However, both Sensex and Nifty bounced ever since. Sensex has crashed from 81,287 points in February to 71,948 points March only to bounce back to 76,913 points in April. Nifty also followed a similar trend.

After a record flows in the previous month, the domestic equity ETFs attracted investment of ₹9,668 crore while equity index funds received ₹10,218 crore inflows in April.

Index investing

Investing in mutual funds which mirror Sensex or Nifty 50 index is considered a good long-term strategy, as it offers exposure to top 50 companies. Since the equity markets are in a gradual upswing, experts feels that investors should invest in top index funds instead of trying to time the market.



DD sharma, MD, MF King, said the index funds are safer bet as it includes only the big companies which are considered the backbone of the Indian economy.

Since indices are rebalanced every six months, investors in index funds gets the benefit of automatic rebalancing, diversification and low costs, he said.

Nifty 50 index MFs are low-cost, passively managed index funds that invest in the top 50 large-cap companies listed on NSE. These funds mirror the performance of the Nifty 50 index. The returns of these funds are market-linked and come with a low expense ratio, increasing net returns for investors, said Sandeep Chawla, an independent MF distributor.
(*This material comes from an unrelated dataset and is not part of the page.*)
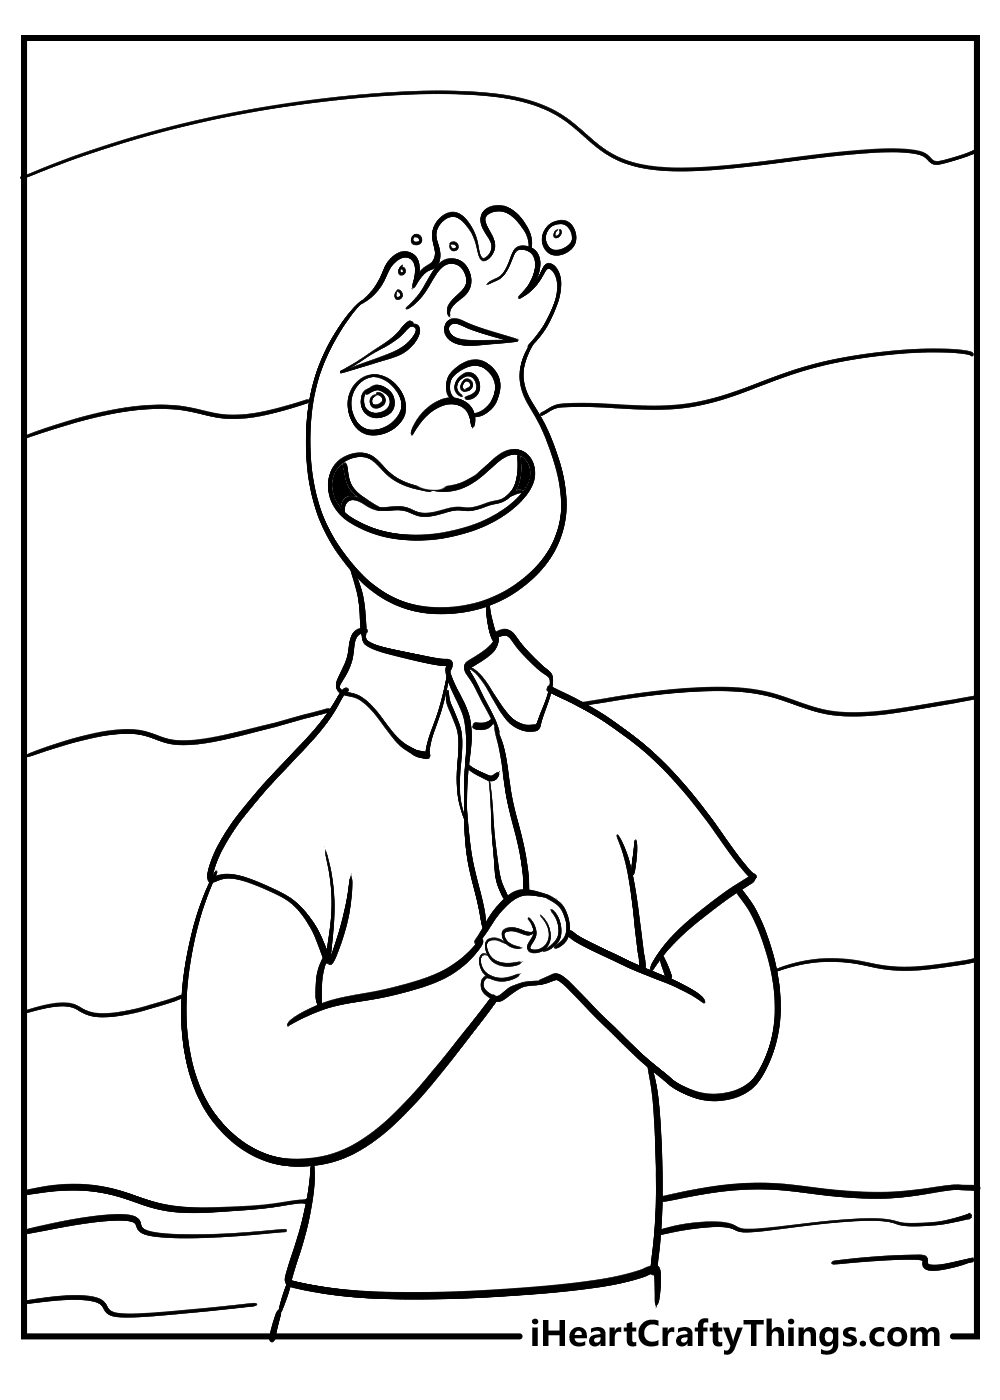 New Elemental Coloring Pages

The expense ratio on these funds range between 0.02 per cent to 0.20 per cent. Among the large fund houses, Nippon MF’s Nifty fund charges expense ratio of 0.07 per cent, while Motilal Oswal MF and Axis MF charges expense ratio of 0.12 per cent and 0.17 per cent on their Nifty 50 Index Fund. The Nippon India index Fund – Nifty Plan has delivered a five-year rolling CAGR of about 18.38 per cent while the returns of other funds houses are closer to the same range as they all invest in same stocks.